In other countries, a quick search should tell you if and how you can report a phishing email to the authorities.

If you report a phishing email to either your provider or a government body, you shouldn’t expect a response. Instead, email providers and government agencies use the information you send them to try to stop the accounts that send out the emails. This includes blocking the senders (or adding them to spam/junk filters), shutting down their websites, or even prosecuting them if they’re breaking any laws.
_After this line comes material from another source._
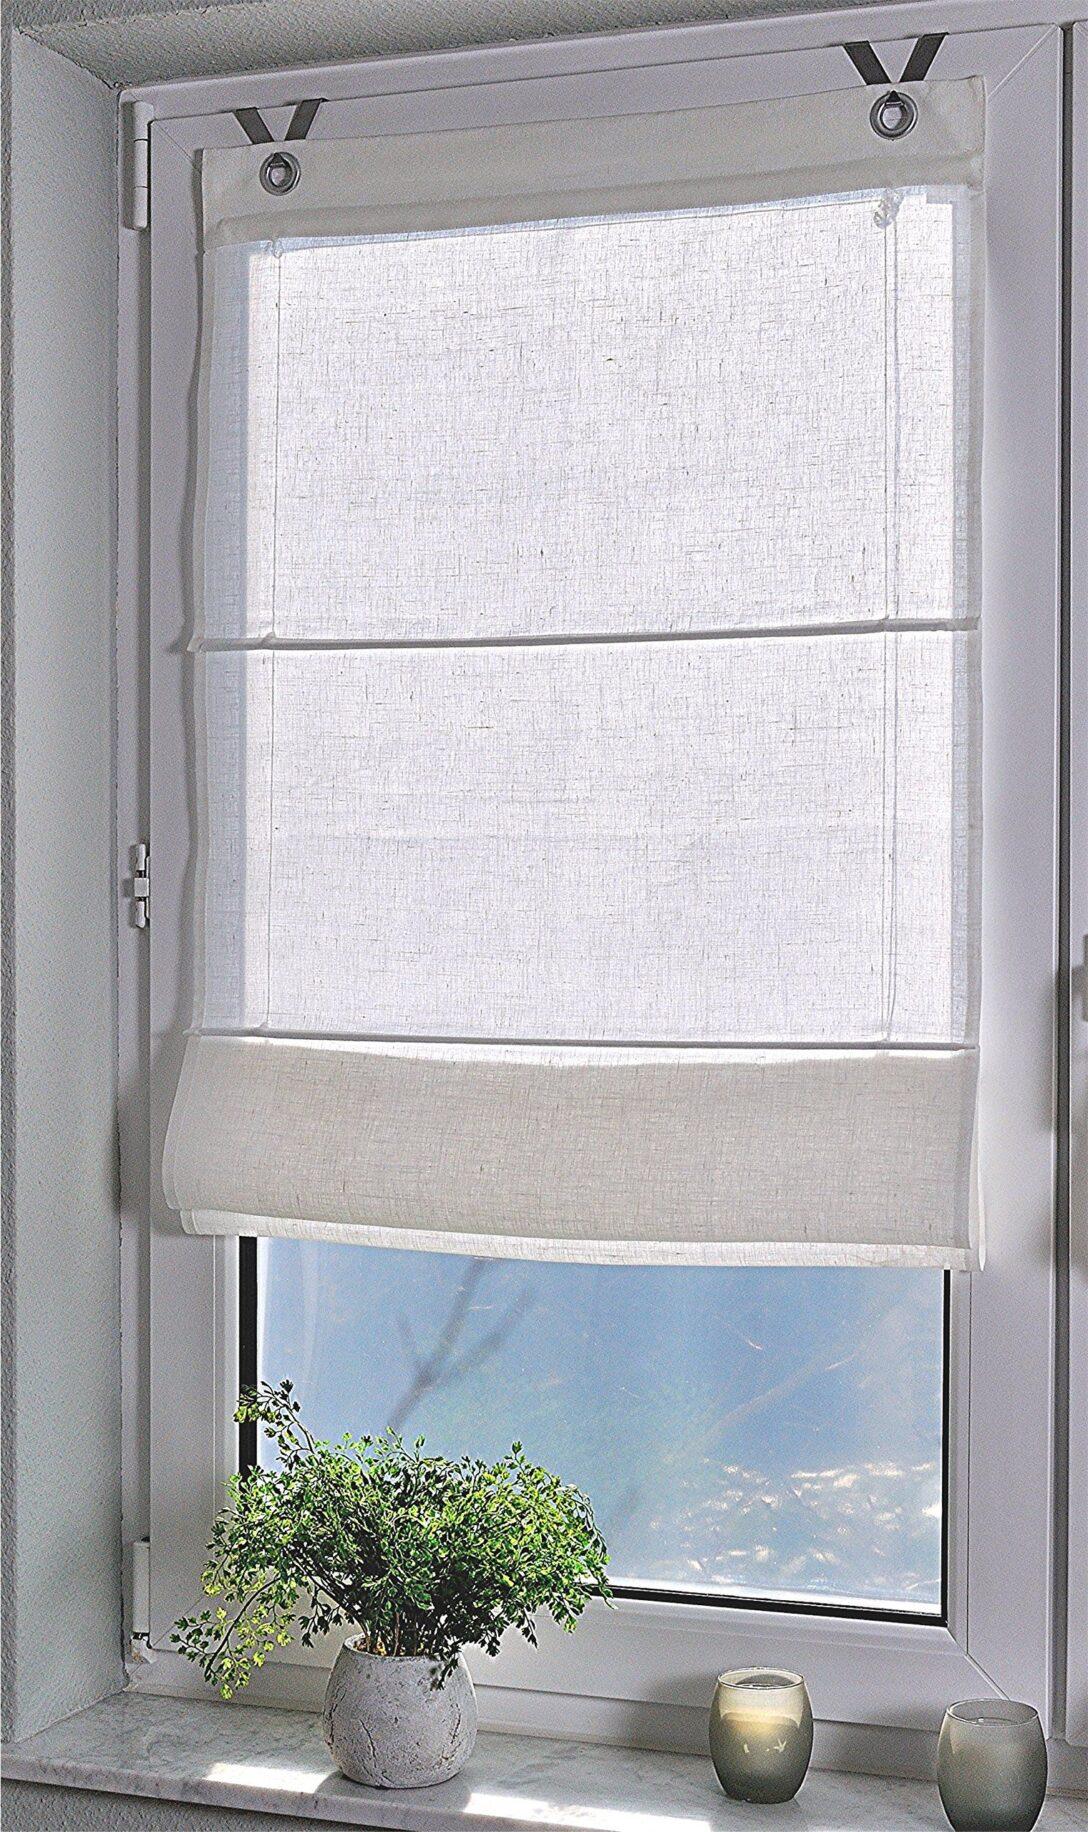 Large Size of Küche Vorhänge Modern Raffrollo Senrollo Metis Weiss 100 Leinen 45 140 Amazonde Eckküche Mit Elektrogeräten Arbeitsplatte Komplettküche Ikea Miniküche Wohnzimmer Küche Vorhänge Modern

When you report phishing emails, it helps everyone because you help the authorities stop as many of them as possible. The more people report phishing emails, the more agencies and providers can prevent the senders from sending them.

Report It to The Company That Allegedly Sent the Mail

If the phishing email pretends to be from a company, you can often report it directly to that company. For example, Amazon has a dedicated email address and form to report both email and phone phishing.

Most companies and government agencies (especially those that deal with financial or medical business) have ways you can report phishing. If you search “[company name] report phishing,” you should be able to find it pretty quickly.

Mark the Sender as Junk or Spam

You probably don’t want to get any more emails from the person who sent this one. Mark it as spam or junk, and your email client will block any further mail from that address. We cover how to do this in our Gmail guide and this article on Outlook.

You can add senders to a spam/junk list in any email client. If you use something other than Gmail or Outlook, search the company’s documentation to find out how you mark a message as junk.

Delete the Email

Finally, delete the email. Usually, this sends it to the recycle bin or deleted items folder, so remove it from there as well. There’s no need to keep it after you report it.

You don’t need to run a virus scan or clear your browser history just because you received a phishing email. However, you should run an antivirus program (we like Malwarebytes for both Windows and Mac), and it doesn’t hurt to scan from time to time.

If you run an antivirus program that updates regularly, it should catch anything malicious before it runs. Plus, if you don’t click a link or open an attachment in the email, it’s improbable it unloaded anything malicious on your system, anyway.

 Don’t Worry and Carry On

Phishing emails are annoyingly frequent. Fortunately, your spam or junk filters catch them most of the time, and you never see them. Sometimes, they don’t even get that far because your provider stops them. To defeat the few that do get through, just be careful and don’t click any links or attachments unless you’re sure they’re safe.

Millions of phishing emails are sent every day, so don’t worry you’re not usually a target. Just follow the simple steps we covered above, and then carry on with your day.